Такой сейчас чудесный вечер, птицы поют, все есть, по вальдшнеп не прилетел. Столкнулись две струйки в ручье, послышался всплеск и ничего: по-прежнему вода мягко катится по весеннему лугу. А после оказалось, раздумывал я: из этого, что она не пришла, сложилось счастье моей жизни. Вышло так, что образ ее мало-помалу с годами исчезал, а чувство оставалось и жило в вечных поисках образа и не находило его, обращаясь с родственным вниманием к явлениям жизни всей нашей земли, всего мира. Так на место одного лица стало все как лицо, и я любовался всю жизнь свою чертами этого необъятного лица, каждую весну что-то прибавлял к своим наблюдениям. Я был счастлив, и единственно, чего мне еще не хватало, это чтобы счастливы, как я, были все.

Так вот оно чем объясняется, что моя литература остается жить: потому что это моя собственная жизнь. И всякий, кажется мне, мог бы как я: попробуй-ка забудь свои неудачи в любви и перенеси свое чувство в слово, и у тебя будут непременно читатели.

И я думаю теперь, что счастье вовсе не зависит от того, пришла она или не пришла, счастье зависит лишь от любви, была она или не была, самая любовь есть счастье, и эту любовь нельзя отделять от «таланта».

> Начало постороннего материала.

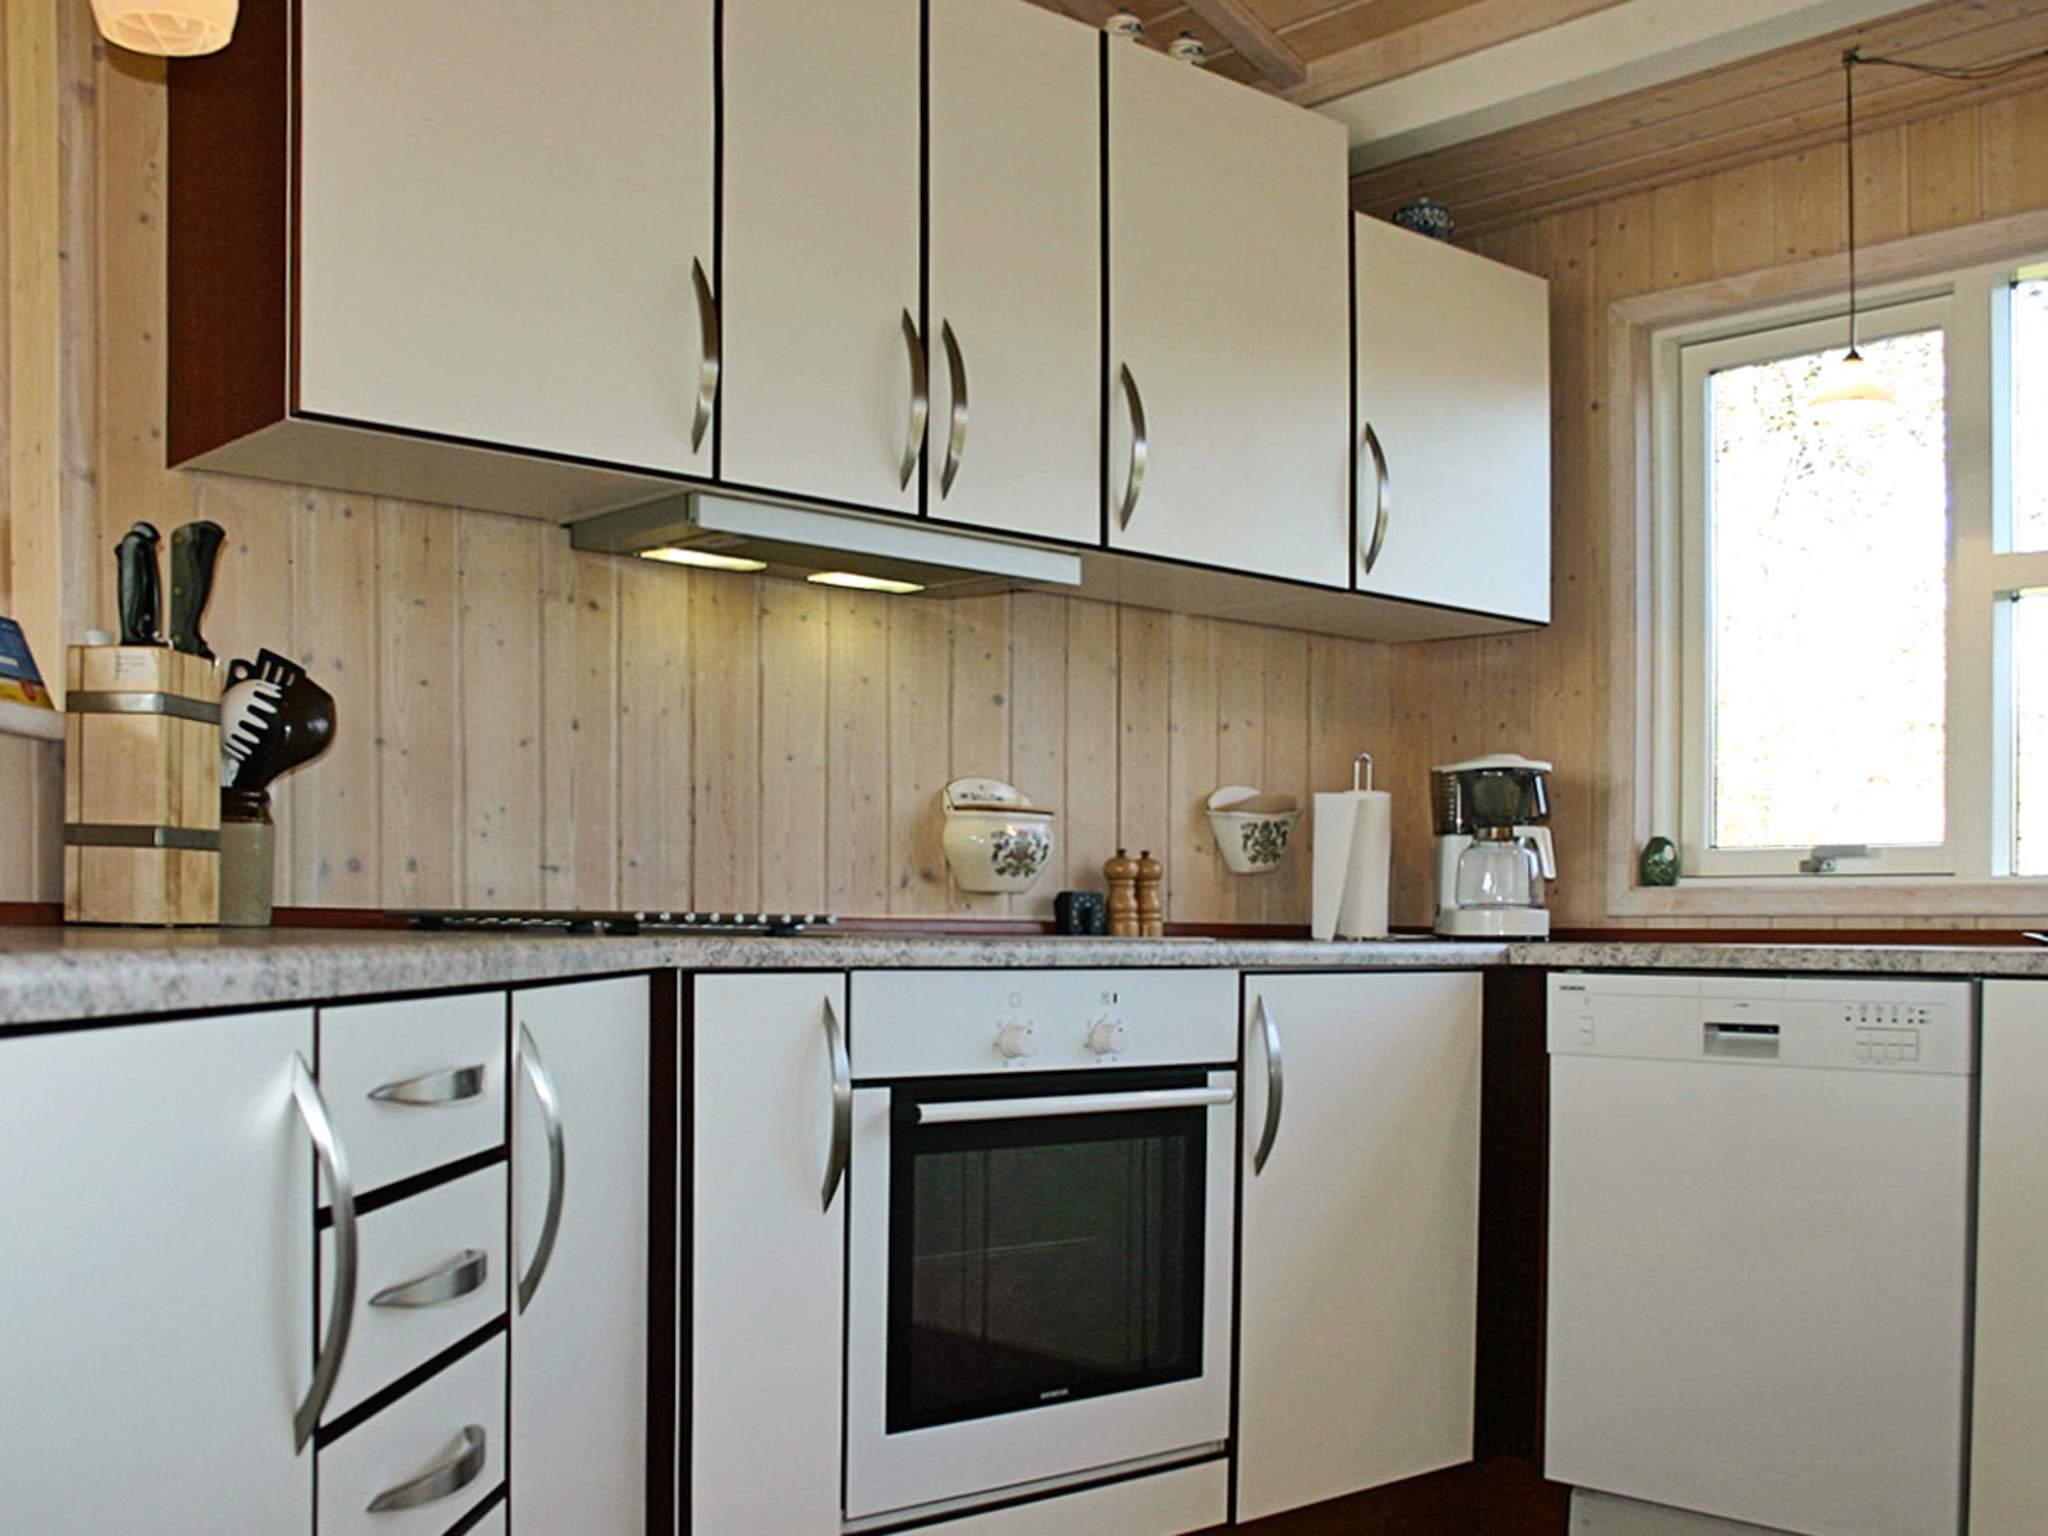 Ferienhaus Udsholt Strand (124746), Udsholt, , Nordseeland, Dänemark, Bild 8
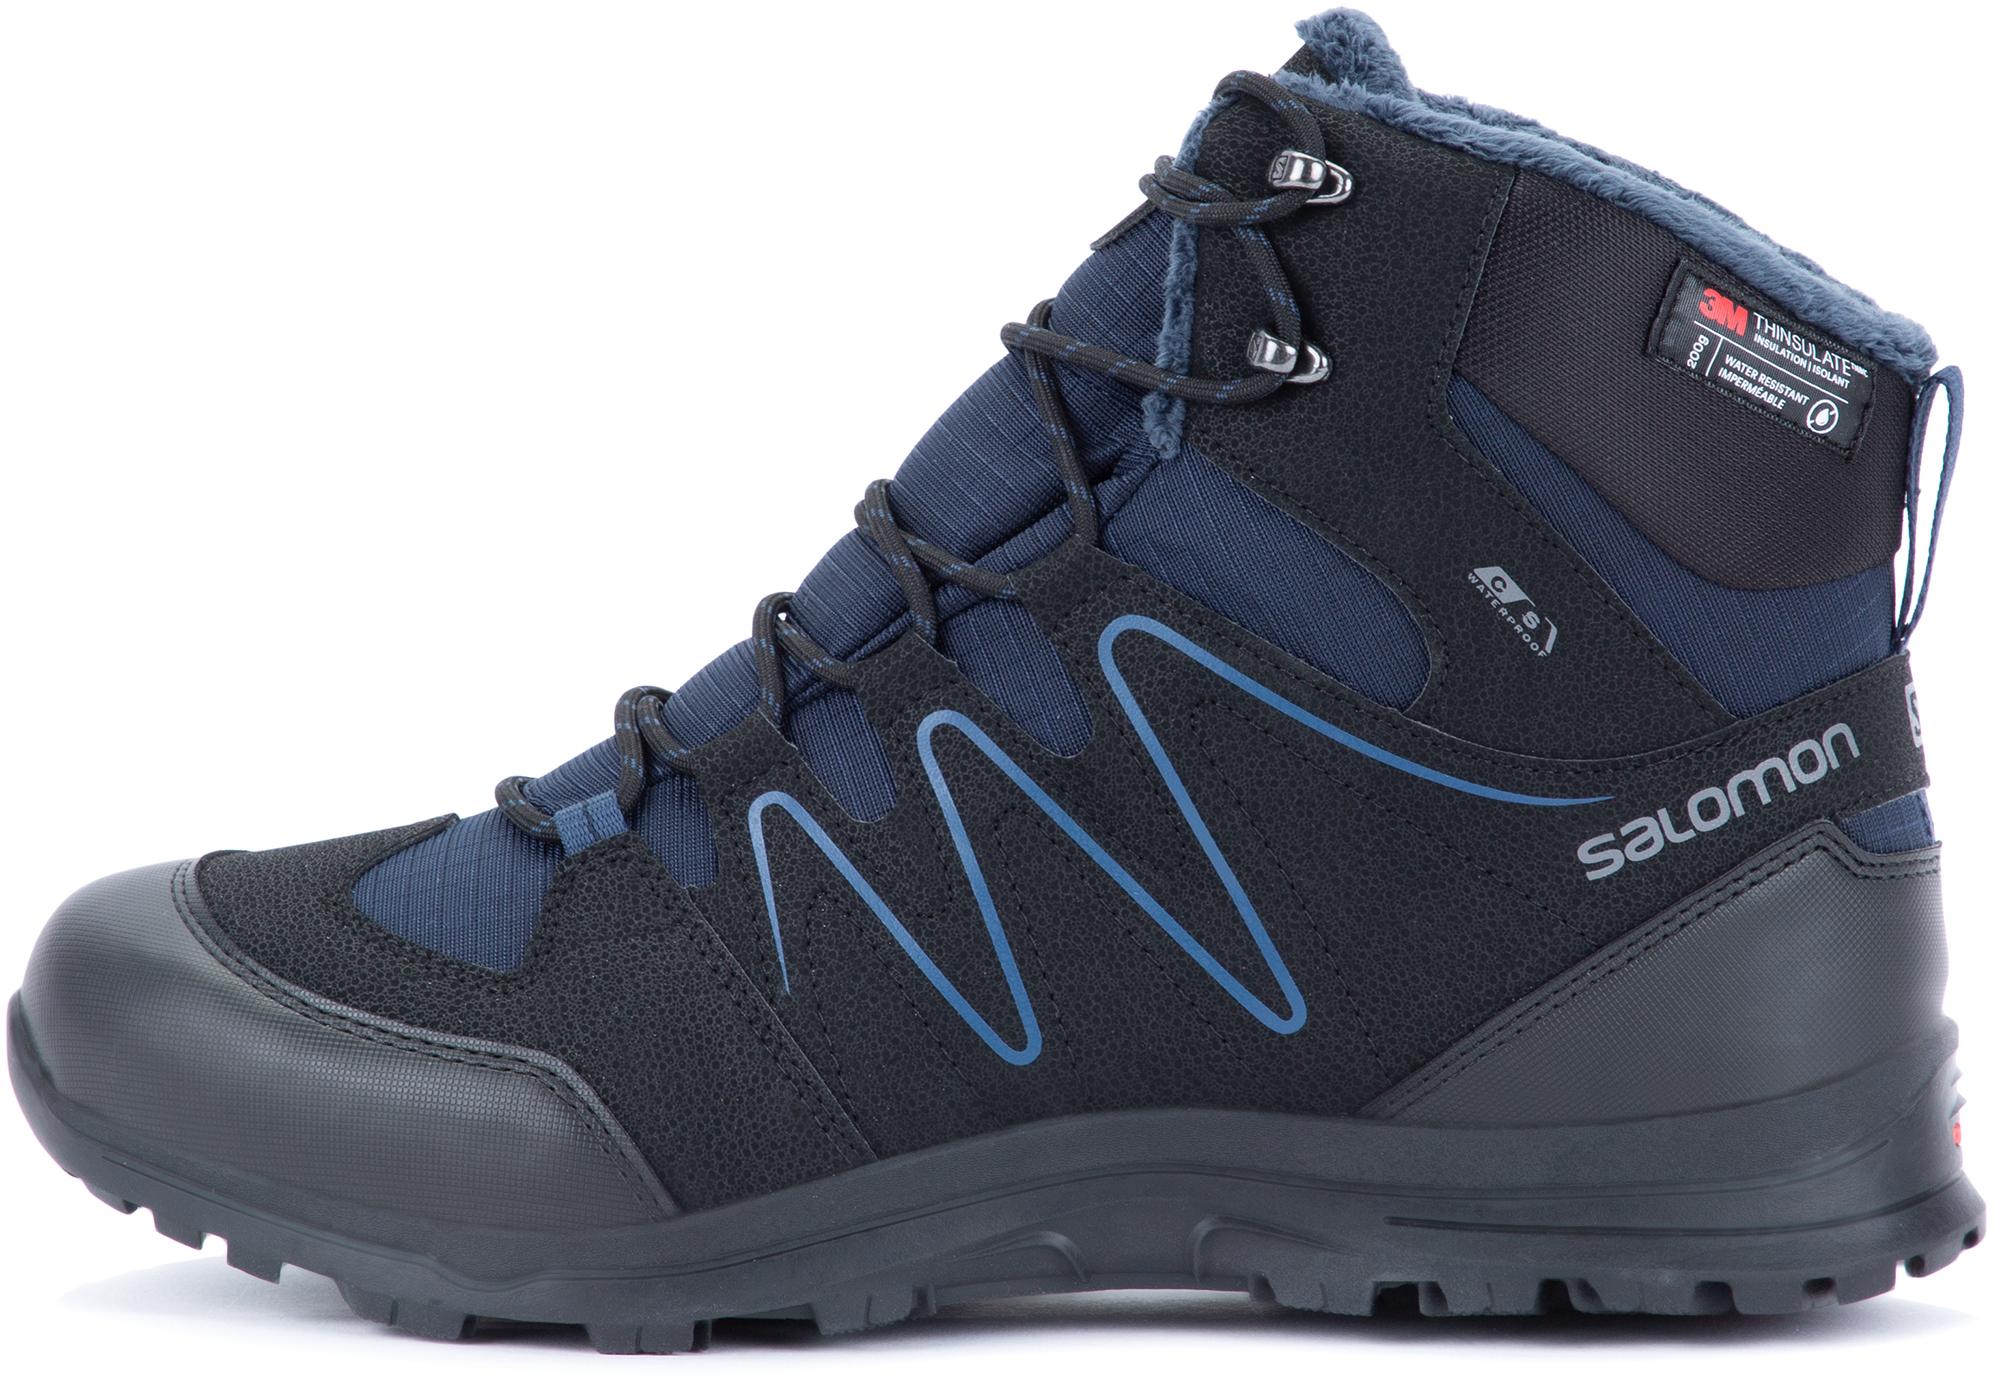 Ботинки утепленные мужские Salomon Shallow, размер 41.5

Так я думал, пока не стемнело, и я вдруг понял, что больше вальдшнеп не прилетит. Тогда резкая боль пронзила меня, и я прошептал про себя: «Охотник, охотник, отчего ты тогда ее не удержал!»

Аришин вопрос

Когда эта женщина ушла от меня, Ариша спросила:

— А кто у ней муж?

— Не знаю, — сказал я, — не спрашивал. И не все ли нам-то равно, кто у ней муж?

— Как же так «все равно», — сказала Ариша, — сколько сидели с ней, разговаривали, и не знаете, кто у ней муж, я бы спросила.

В следующий раз, когда она пришла ко мне, вспомнился Аришин вопрос, но я опять не спросил, кто у ней муж. Я потому не спросил, что она мне чем-то понравилась, и догадываюсь, именно тем, что глаза ее напомнили мне возлюбленную моей юности чудесную Фацелию. То пли другое, по она мне правилась именно тем же, чем некогда и Фацелия: она не возбуждала во мне помыслов о сближении, напротив, этот мой интерес к ней отталкивал всякое бытовое внимание. Никакого дела мне теперь не было до ее мужа, семьи, дома. Когда она собралась уходить, мне вздумалось, после трудной работы, подышать воздухом, быть может и проводить ее до дому. Мы вышли, было морозно. Черная река зябла, и струйки пара перебегали всюду, и от ледяных заберегов слышался шорох. Такая была страшная вода, бездна такая, что казалось, и самый несчастный, кто решился бы утонуть, взглянув в эту черную бездну, вернулся к себе домой радостный и прошептал, разводя самовар:

«Вздор-то какой — топиться! Там еще хуже нашего. Тут-то я хоть чаю попью».

— А у вас есть чувство природы? — спросил я свою новую Фацелию.

— А что это? — опросила она в свою очередь.

Она была образованная женщина и сотни раз читала и слышала о чувстве природы. Но вопрос ее был такой простой, искренний. Не оставалось никакого сомнения: она действительно не знала, что такое чувство природы.

«И как она могла знать, — подумалось мне, — если она-то, может быть, эта моя Фацелия, и есть сама „природа“».

Эта мысль поразила меня.

Еще раз захотелось мне с этим новым пониманием заглянуть в милые глаза и через них внутрь той самой моей «природы», желанной, и вечно девственной, и вечно рождающей.